[Data excerpt]
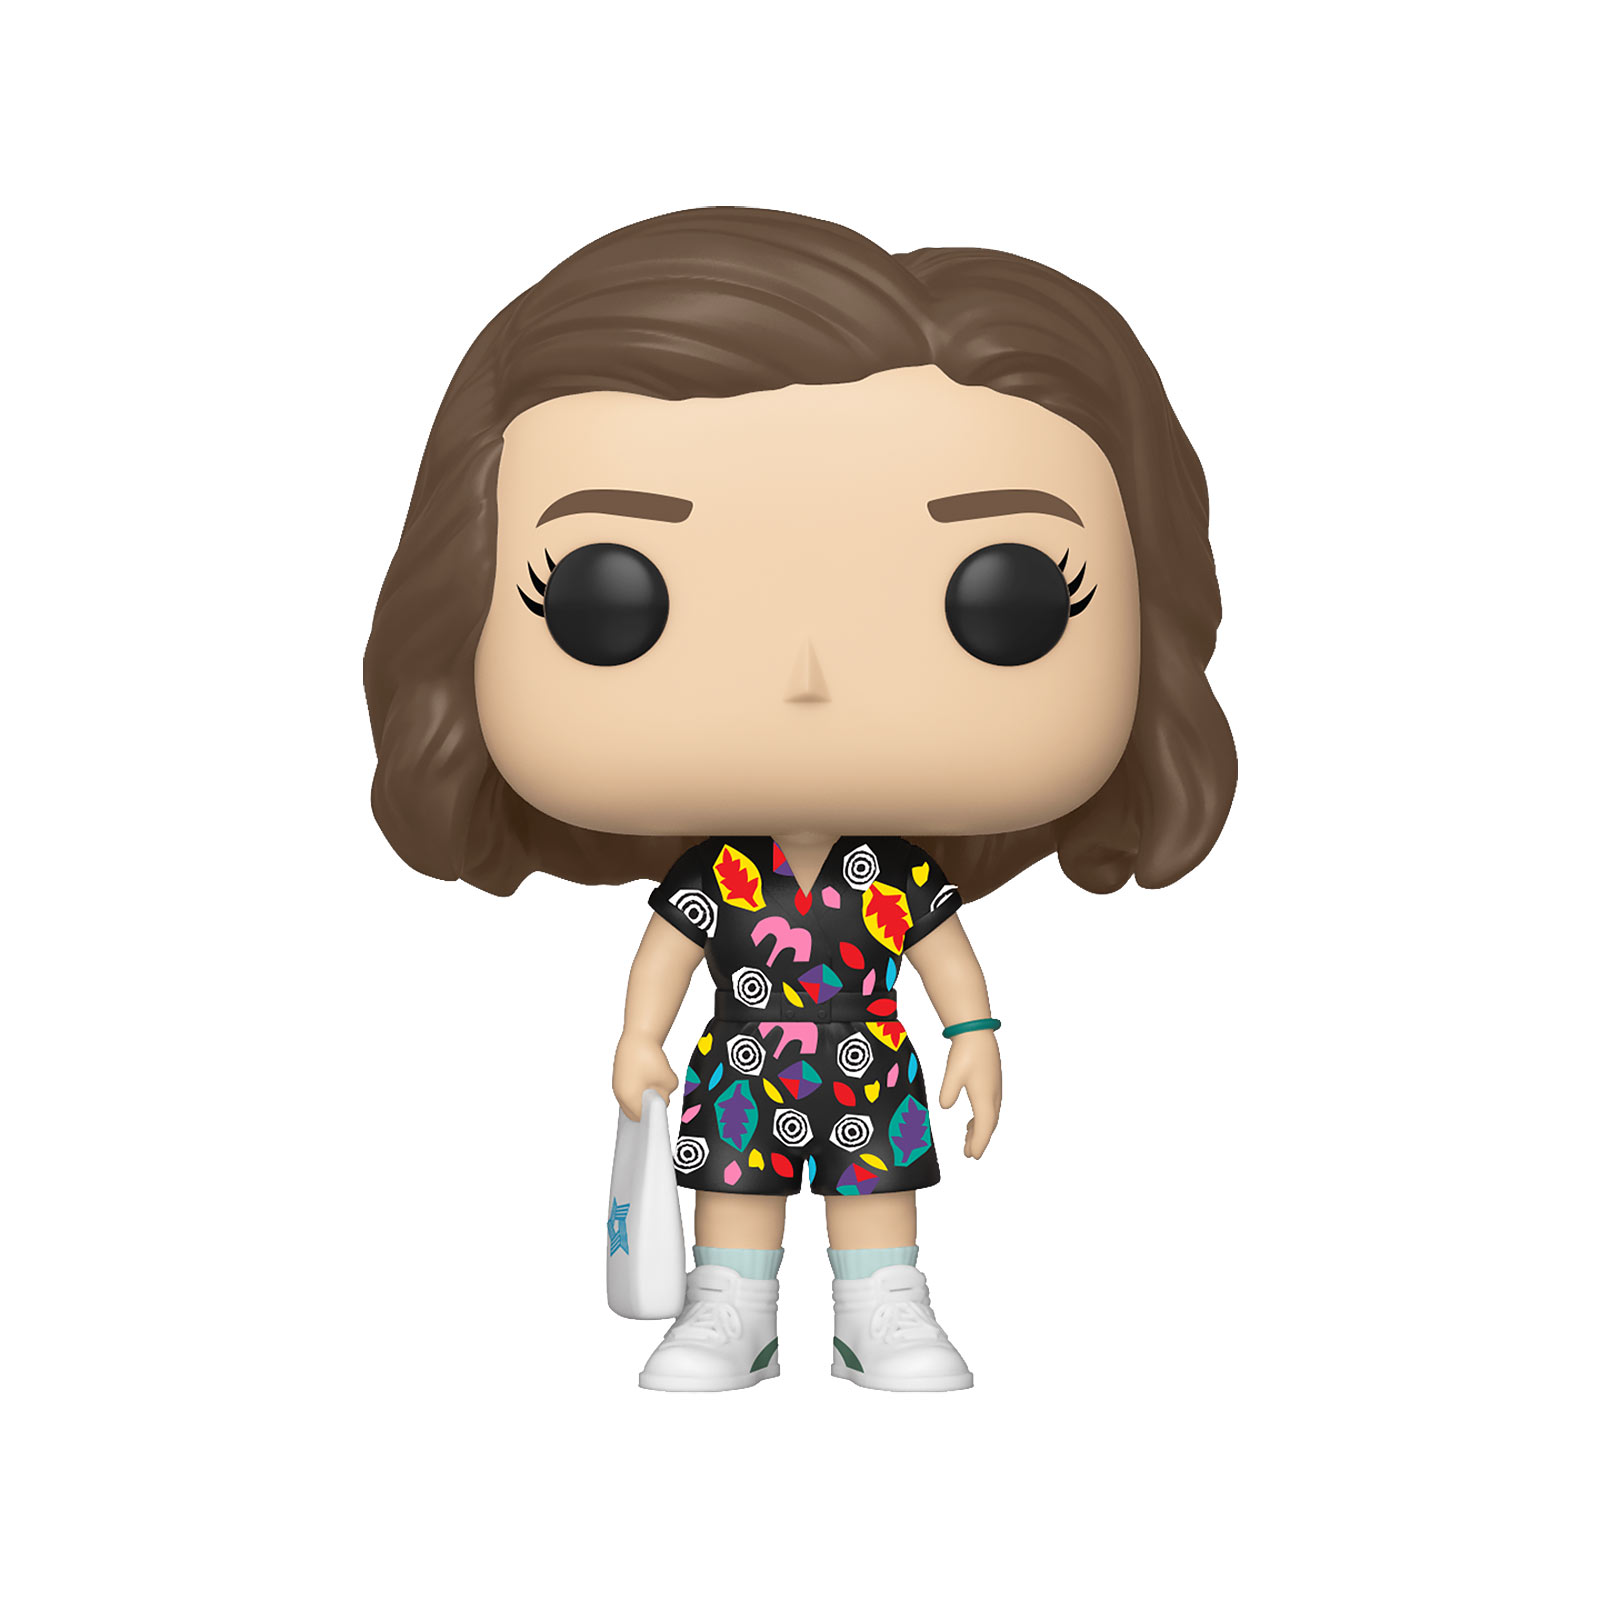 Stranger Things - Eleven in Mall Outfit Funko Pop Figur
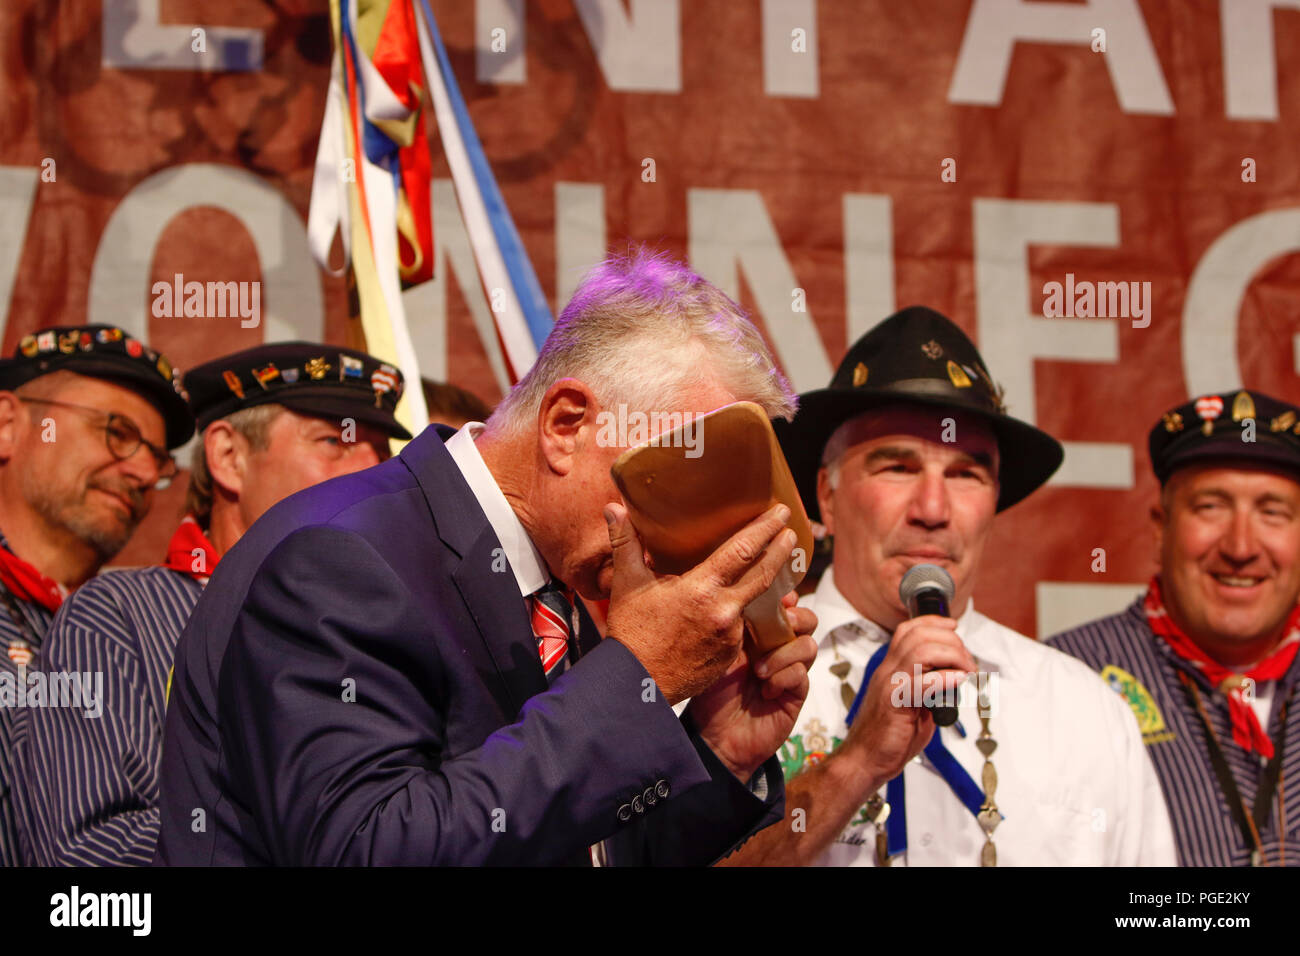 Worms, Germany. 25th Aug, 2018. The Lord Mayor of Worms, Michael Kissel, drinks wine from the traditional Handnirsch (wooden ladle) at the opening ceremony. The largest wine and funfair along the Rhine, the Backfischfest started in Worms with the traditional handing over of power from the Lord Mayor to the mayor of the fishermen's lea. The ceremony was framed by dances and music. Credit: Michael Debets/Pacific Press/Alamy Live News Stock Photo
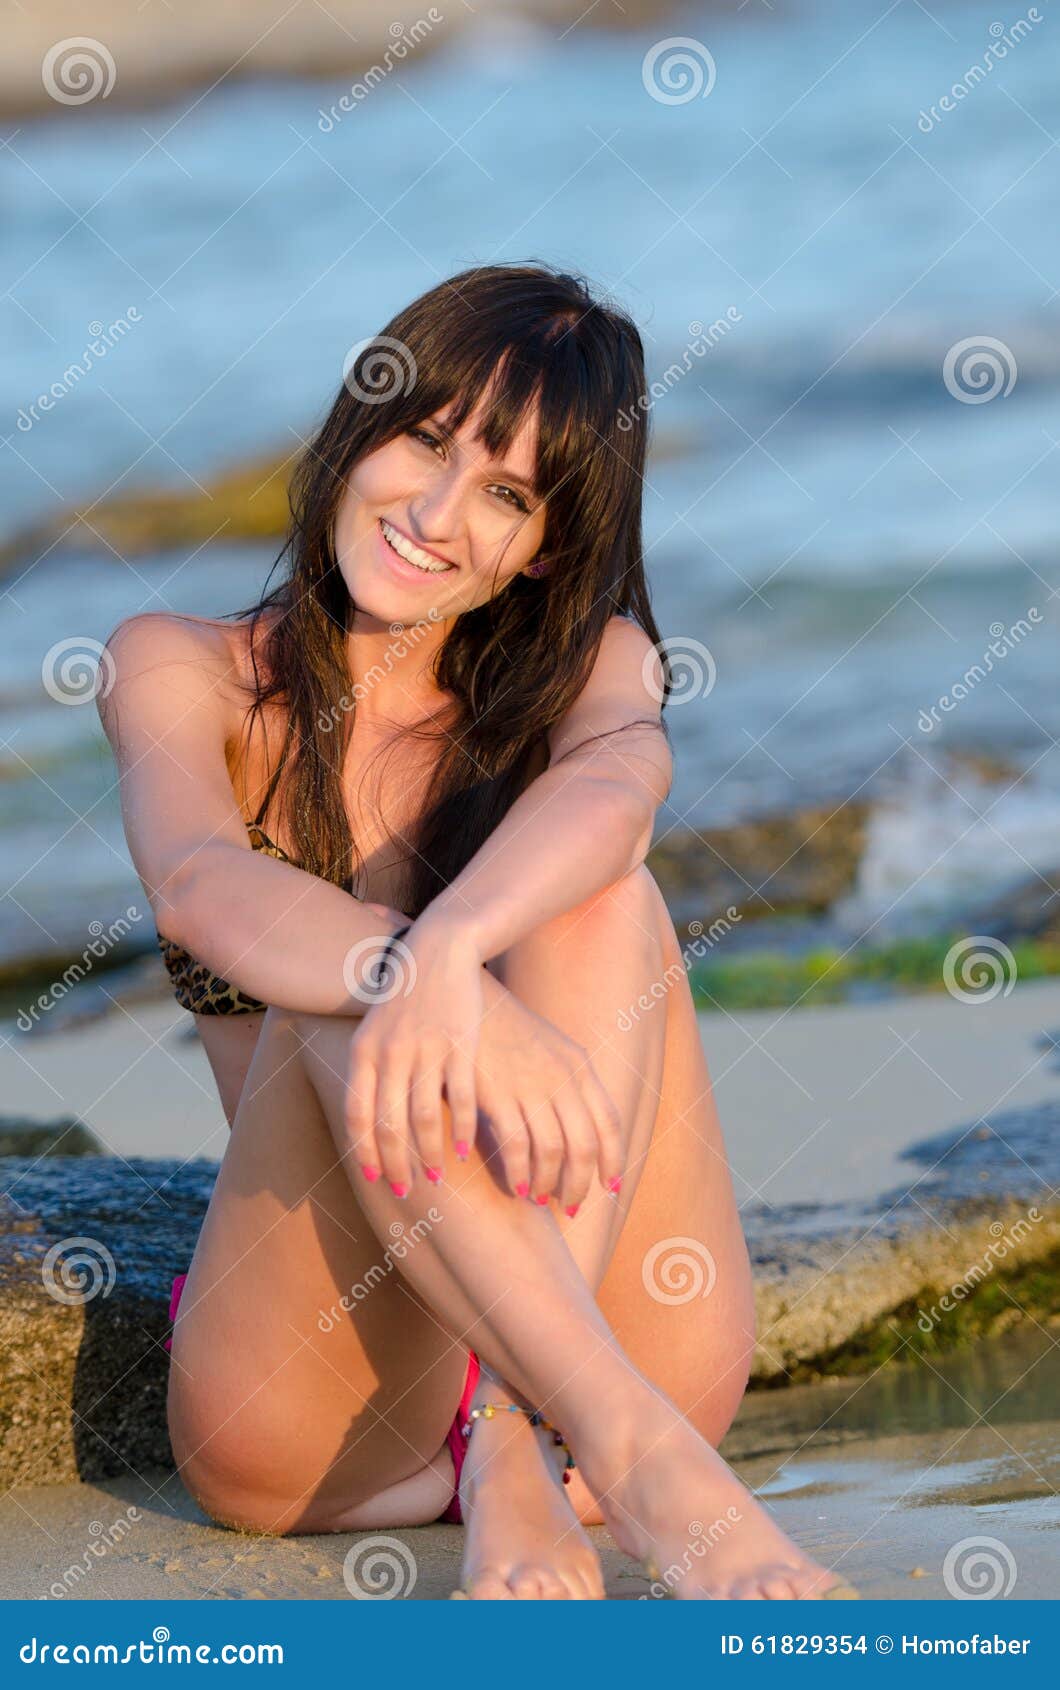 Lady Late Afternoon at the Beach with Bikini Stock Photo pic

[Requirement] Give back the full listing exactly as written, only without its pictures.

[Solution to the exercise]
 Stranger Things - Eleven in Mall Outfit Funko Pop Figur
 Worms, Germany. 25th Aug, 2018. The Lord Mayor of Worms, Michael Kissel, drinks wine from the traditional Handnirsch (wooden ladle) at the opening ceremony. The largest wine and funfair along the Rhine, the Backfischfest started in Worms with the traditional handing over of power from the Lord Mayor to the mayor of the fishermen's lea. The ceremony was framed by dances and music. Credit: Michael Debets/Pacific Press/Alamy Live News Stock Photo
 Lady Late Afternoon at the Beach with Bikini Stock Photo pic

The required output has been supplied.